Vlasov Equations

Project summary

  • Project name: Splitting methods for the Vlasov-Poisson and Vlasov-Maxwell equations
  • FWF project id: P25346
  • University: University of Innsbruck, Department of Mathematics
  • Field: numerical analysis, applied mathematics, plasma physics
  • Keywords: abstract evolution equations, convergence analysis, splitting methods, high-order methods, discontinuous Galerkin, Vlasov-Maxwell equation

Short project description

The Vlasov-Poisson and Vlasov-Maxwell equations are the most fundamental description of a (collisionless) plasma. The equations describe the evolution of a particle-probability distribution in 3+3 dimensional phase space coupled to an electromagnetic field. The difficulties in obtaining a numerical solution of those equations are summarized in the following three statements:

  1. Due to the six-dimensional phase space the amount of memory required to store the interpolation is proportional to the sixth power of the number of grid points.
  2. The Vlasov equation is stiff (i.e. the time step size is limited by the CFL condition)
  3. The coupling to the Maxwell/Poisson equation makes the system highly non-linear.

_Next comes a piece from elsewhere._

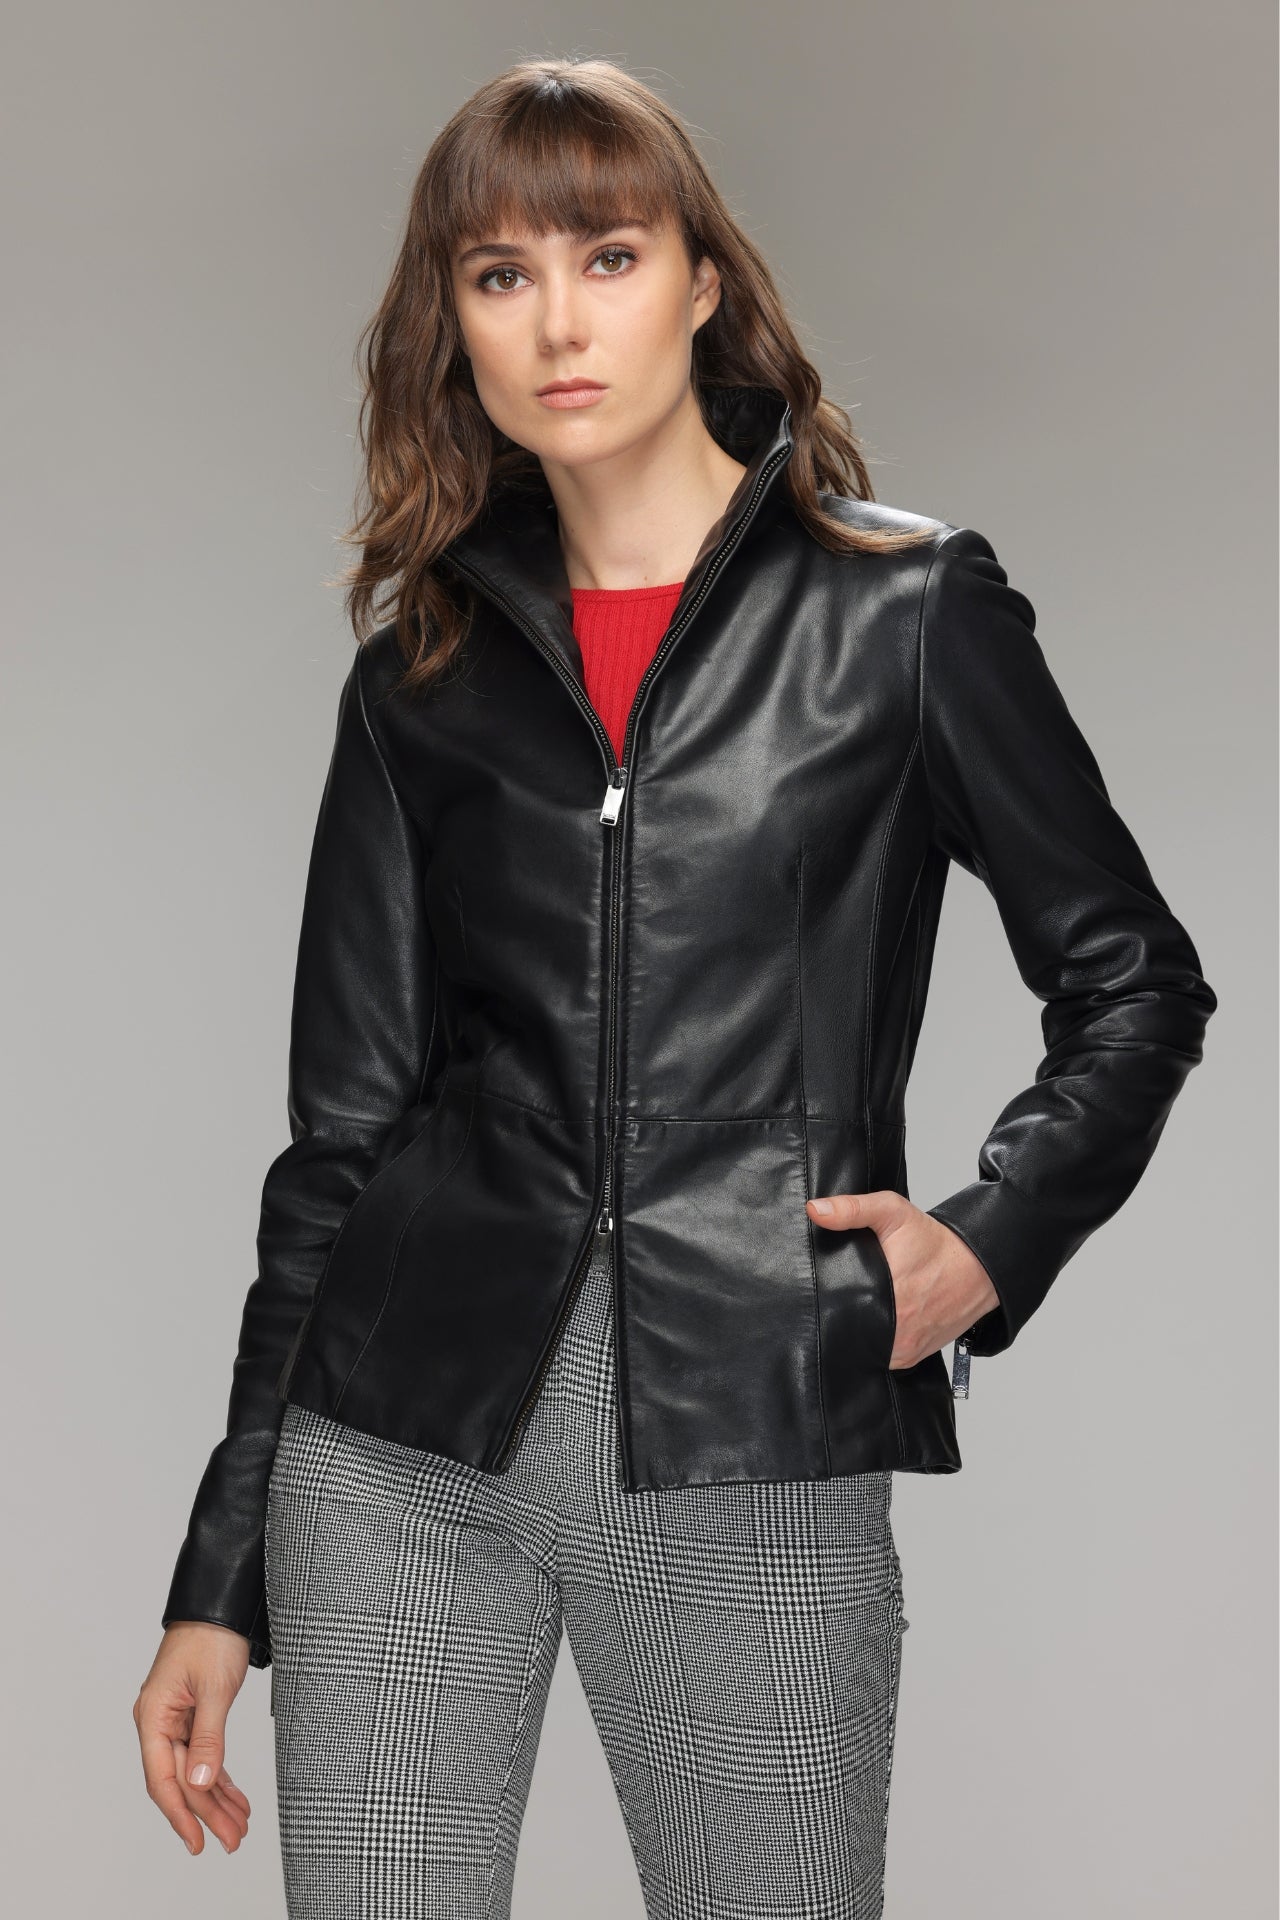 WYNE - Genuine Leather Jacket – Danier

A numerical scheme based on Strang splitting has been proposed that translates the basis functions of some interpolation space and projects the translated basis function back onto the proper subspace.

Various interpolation schemes for the above mentioned algorithm have also been investigated. It has been found that the discontinuous Galerkin method is extremely competitive performance wise, while most of its desirable features (such as locality) remain.

Therefore the aim of this project is to:

  1. supply an in-depth numerical analysis of Strang splitting for Vlasov-type equations;
  2. extend the achieved results to higher-order splitting methods;
  3. provide a convergence analysis of the fully discrete problems (using discontinuous Galerkin in space);
  4. extend the previous results to higher-order methods in space.

To implement higher-order splitting methods we have to evaluate the force term at certain intermediate steps. We will develop a strategy that leads to computationally efficient schemes.